## Data block
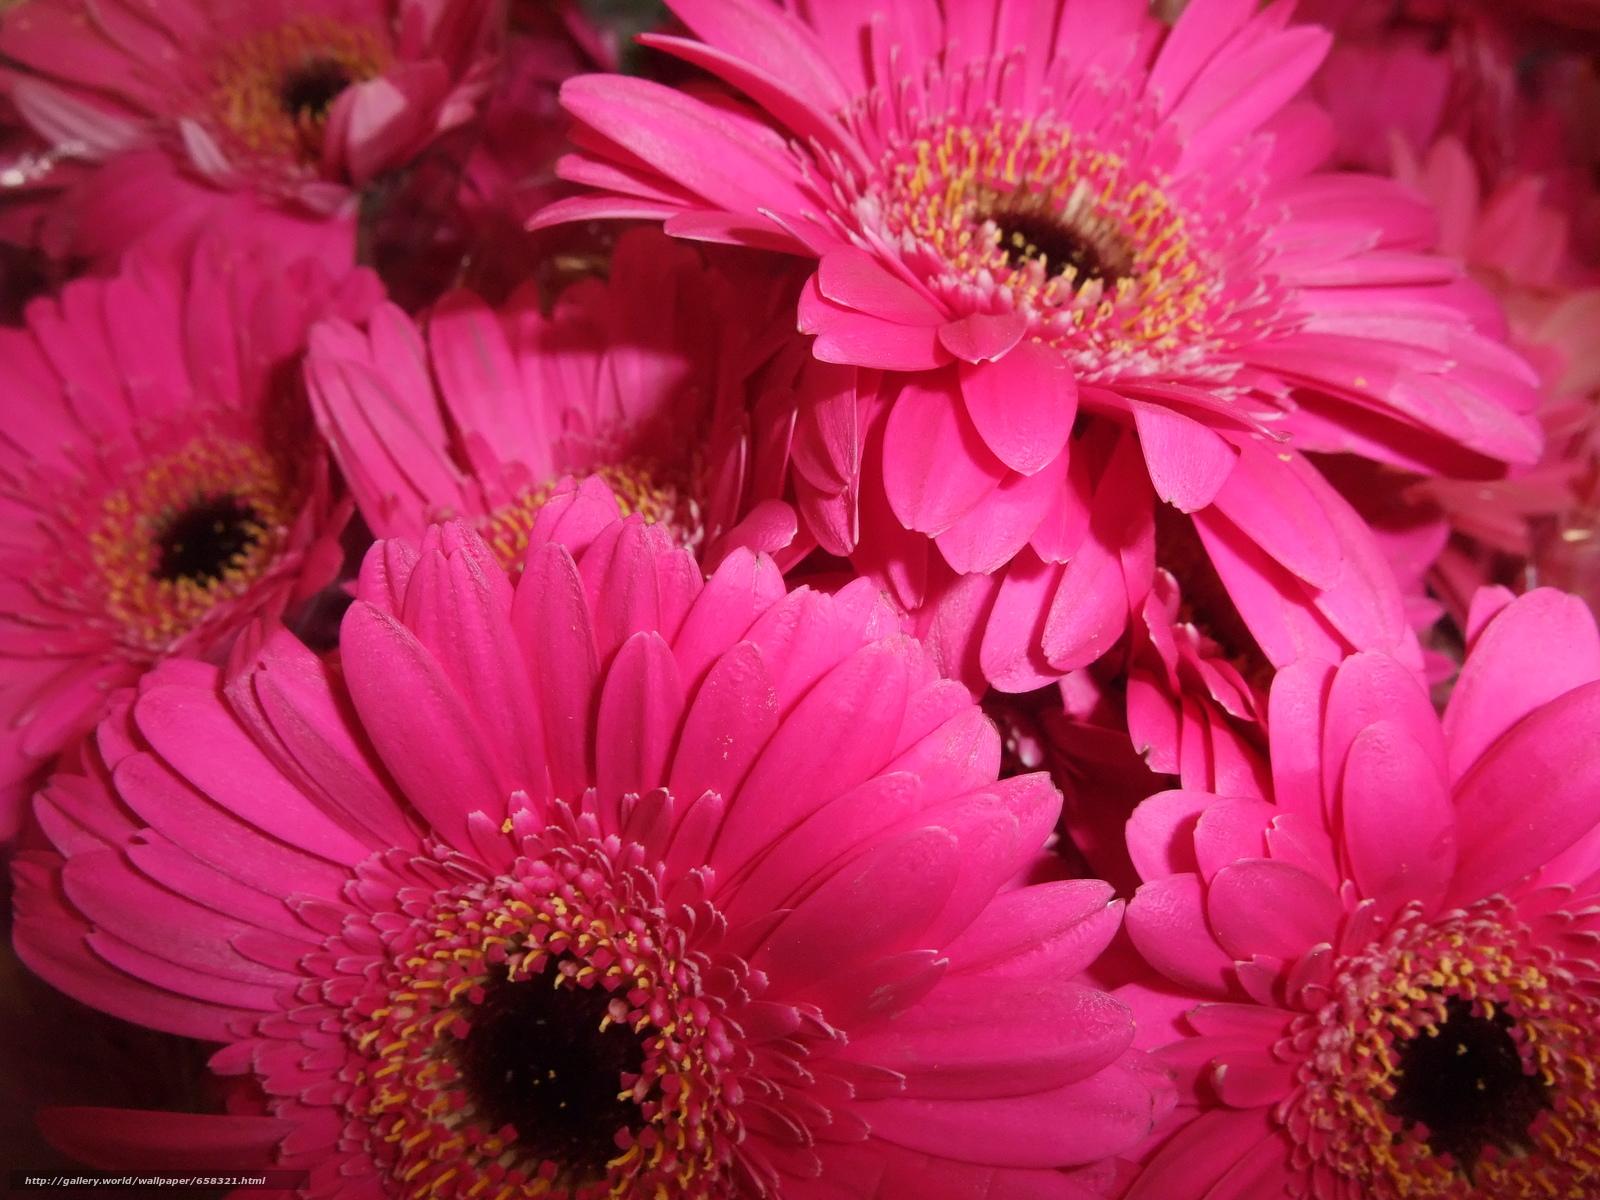 Download Hintergrund Blume,  Blumen,  flora,  Gerbera Freie desktop Tapeten in der Auflosung 4000x3000 — bild №658321
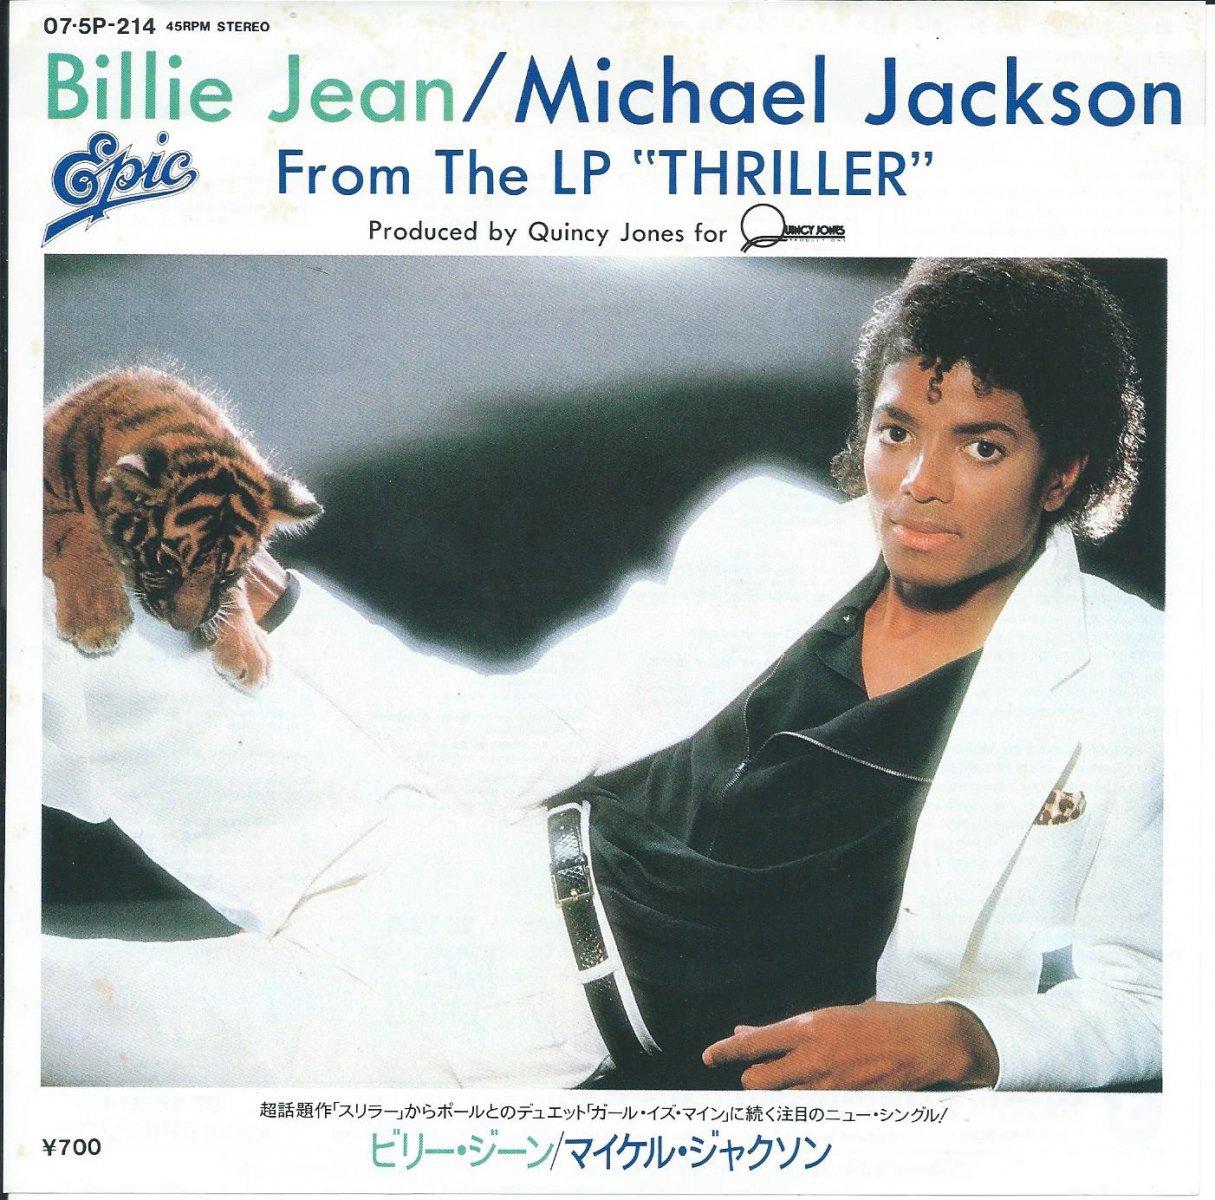 マイケル・ジャクソン MICHAEL JACKSON / ビリー・ジーン BILLIE JEAN (7
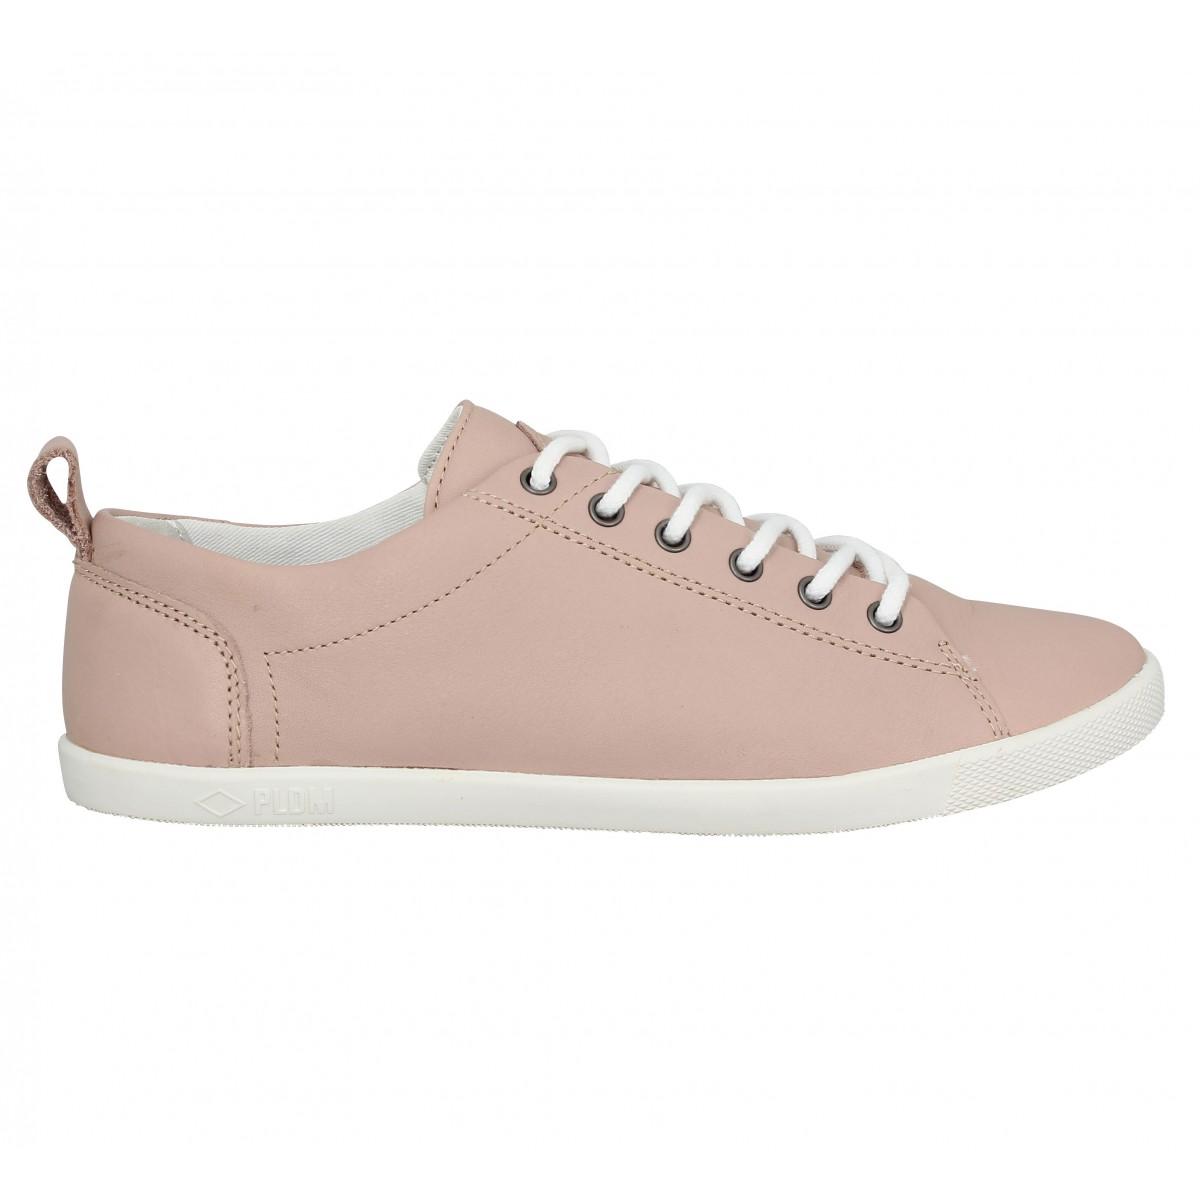 Marques Chaussure femme P-L-D-M By Palladium femme Bel Nca Light Pink

## What the task asks
Reproduce, word for word, everything in the listing above except the pictures.

## Solution to this problem
 Download Hintergrund Blume,  Blumen,  flora,  Gerbera Freie desktop Tapeten in der Auflosung 4000x3000 — bild №658321
 マイケル・ジャクソン MICHAEL JACKSON / ビリー・ジーン BILLIE JEAN (7
 Marques Chaussure femme P-L-D-M By Palladium femme Bel Nca Light Pink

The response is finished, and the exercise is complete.